The data processing method according to claim 6,
The division is
Calculating a right shift value by shifting the address of the data memory to the right by the number of bits corresponding to the number of the plurality of processing elements;
The left shift value is obtained by shifting a fixed value in which the number of bits is equal to the number of bits of the address of the data memory and all the bits are 1 by the number of bits corresponding to the number of the processing elements to the left.

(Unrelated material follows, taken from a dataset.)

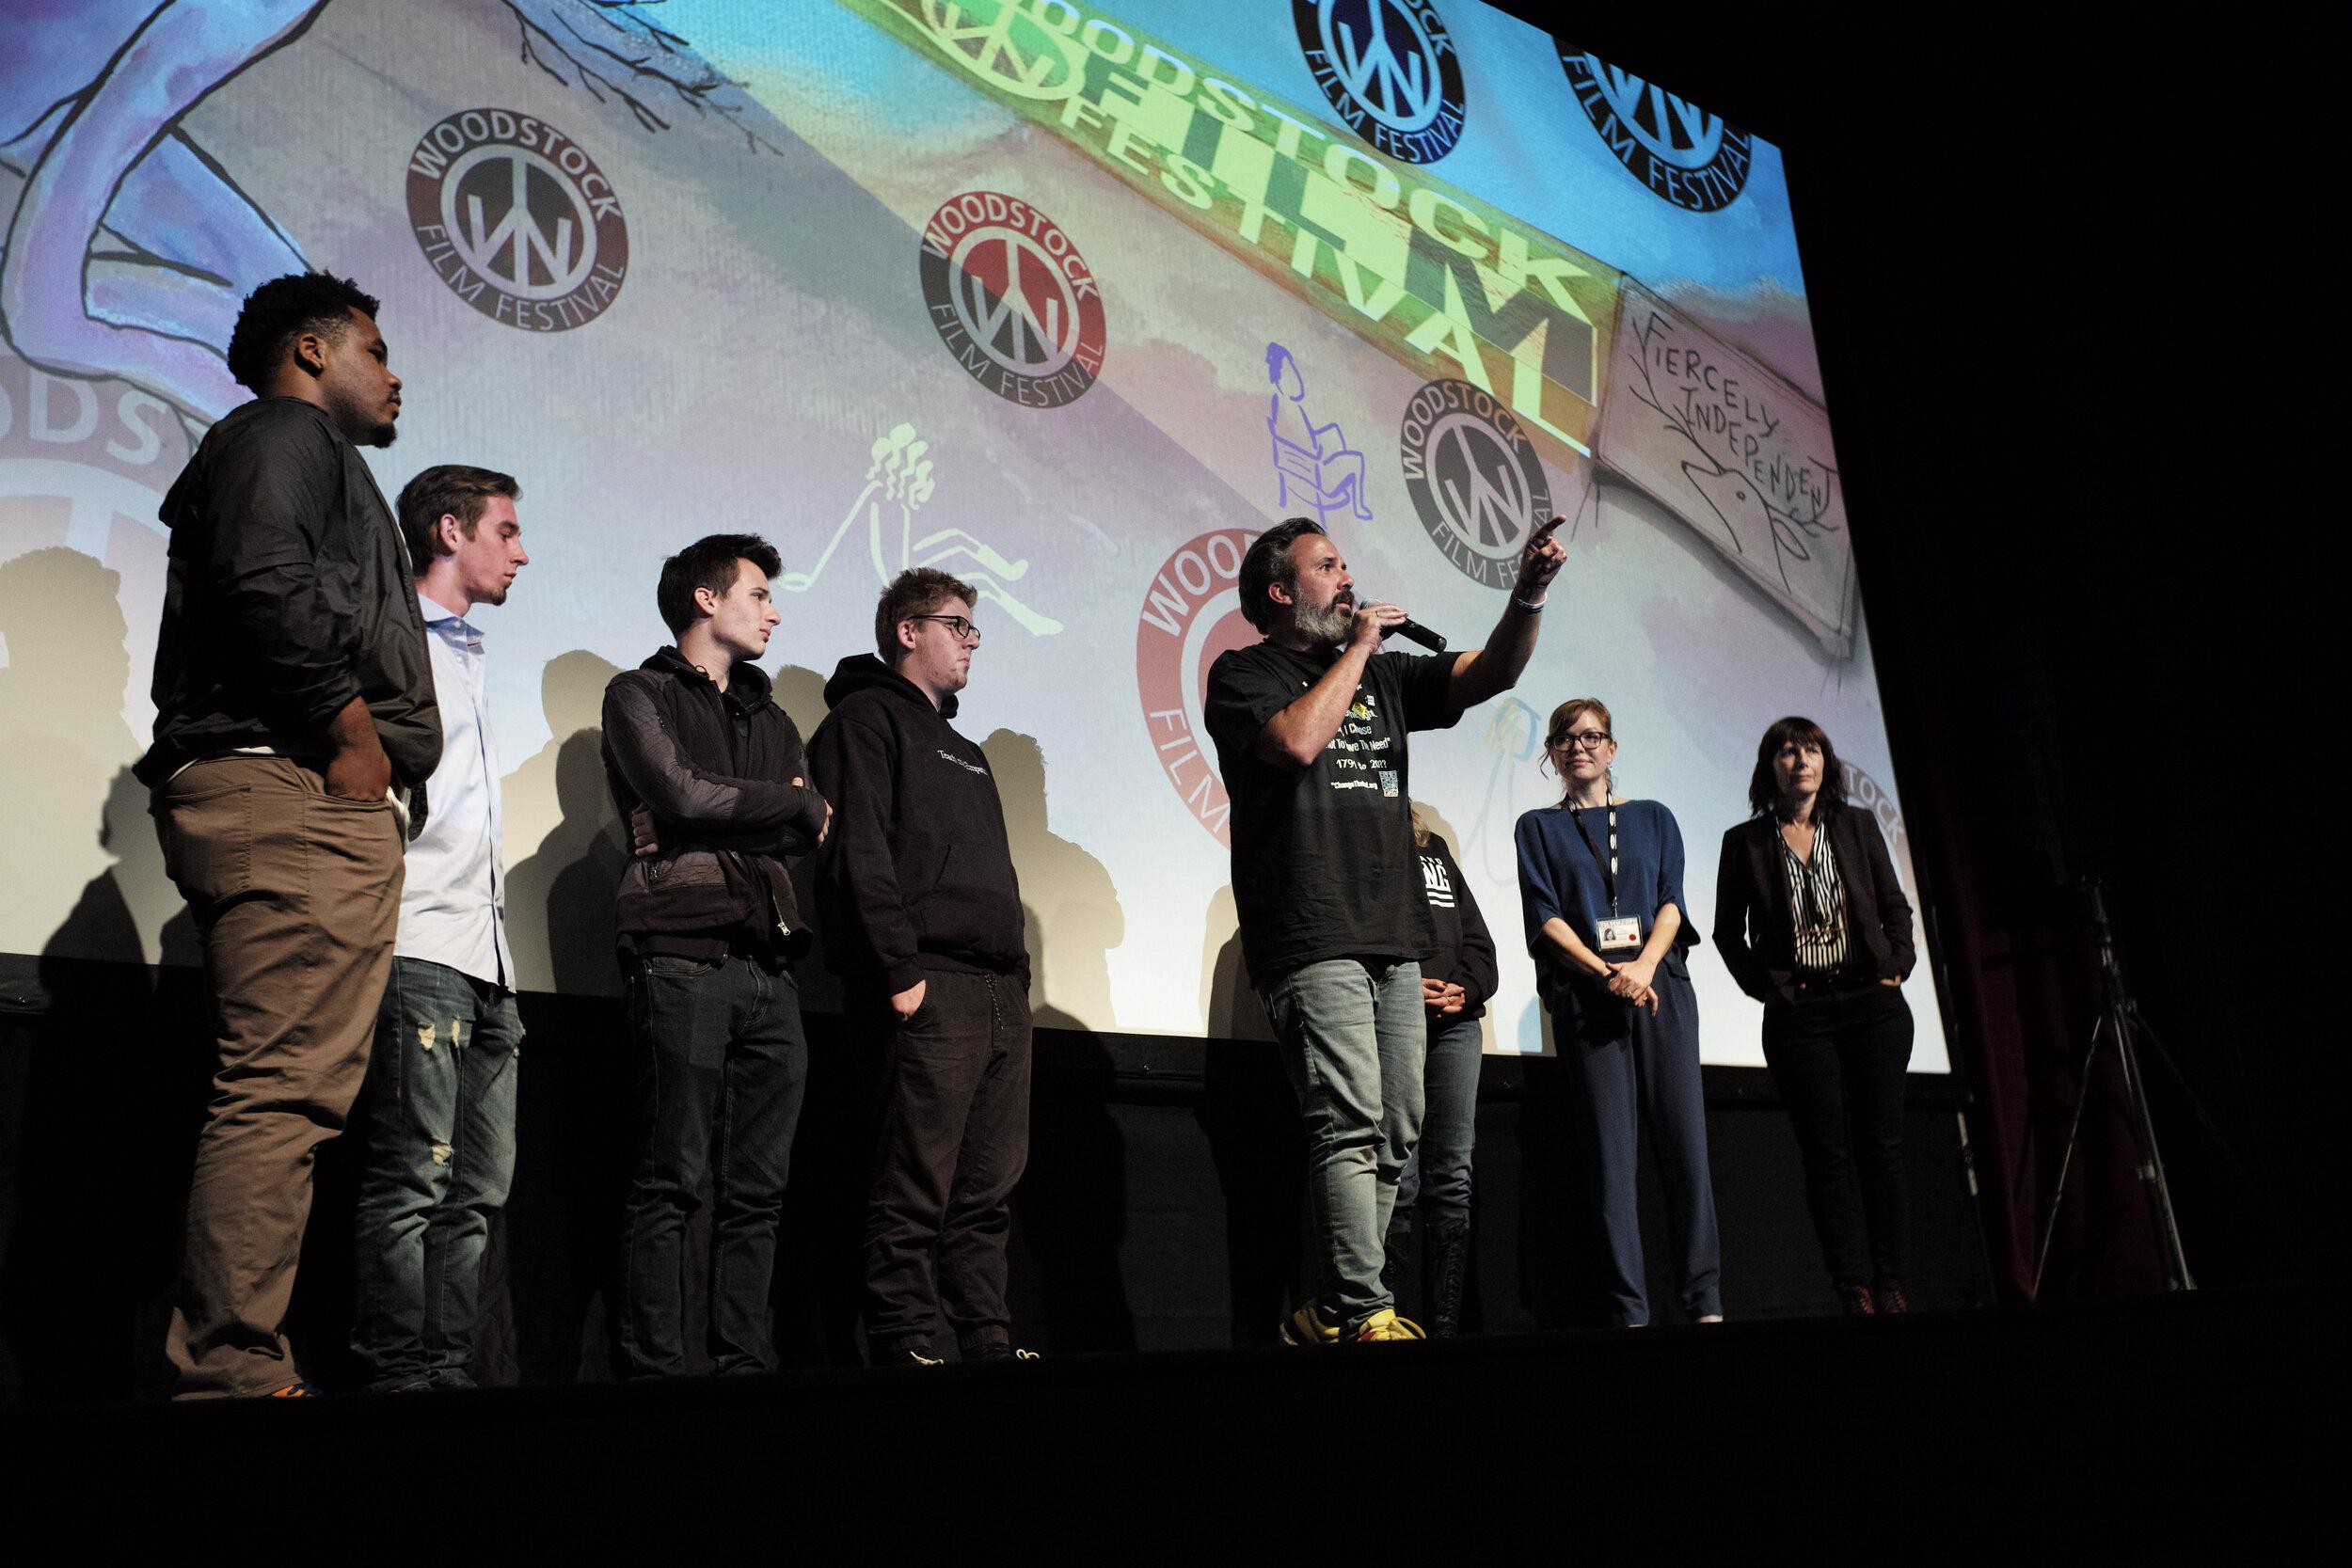 (From left) Jammal Lemmy, Sam Zeif, Cameron Kasky, Matt Deitsch, Manuel Oliver, Patricia Oliver, and Cheryl Horner speak following the world premiere of  Parkland Rising.

Calculating,
Calculating an inversion value by inverting the left shift value;
And calculating a logical product of the inverted value and the address of the data memory.

The data processing method according to claim 6 or 7,
The data processing method, wherein the at least one ring bus includes two ring buses whose shift directions are opposite to each other.

The data processing method according to claim 8, wherein
Said comparing
Performing an addition process or a subtraction process between the number of shift operations and the difference between the position of the processing element itself and the part of the global address;
Switching the process of the addition / subtraction step between the addition process and the subtraction process according to the sign of the difference;
Determining whether the output of the addition / subtraction means is zero;
Selecting one ring bus from which the parallel processing data is taken out of the two ring buses according to the sign of the difference,
The global address portion is the global address of the read-only parameter data to be accessed that specifies the position on the at least one ring bus of the processing element in which the read-only parameter data to be accessed is stored Part of
The data processing method, wherein the number of shift operations is given as an unsigned value, and the difference is given as a signed value.

A data memory for storing data;
A plurality of processing elements for performing parallel processing, wherein the address of the read-only parameter data in the data memory is divided into a first part and a second part at bit positions corresponding to the number of the plurality of processing elements Processing elements,
A plurality of internal memories each distributed corresponding to one of the plurality of processing elements and storing the read-only parameter data from the data memory;
At least one ring bus connected to the plurality of processing elements to transfer the read-only parameter data retrieved from the internal memory at an address corresponding to the first portion;
A central processor for counting the number of shift operations of the read-only parameter data on the at least one ring bus, and a data processing system for parallel processing comprising:
The plurality of processing elements simultaneously place read-only parameter data on the ring bus based on a comparison result between the number of shift operations and the difference between the position of the processing element itself and the global address portion. A data processing system for performing parallel processing for acquiring the read-only parameter data from the at least one ring bus.
Here, the portion of the global address designates a position on the at least one ring bus of the processing element in which the read-only parameter data to be accessed is stored, and corresponds to the second portion This is the global address portion of the read-only parameter data to be accessed.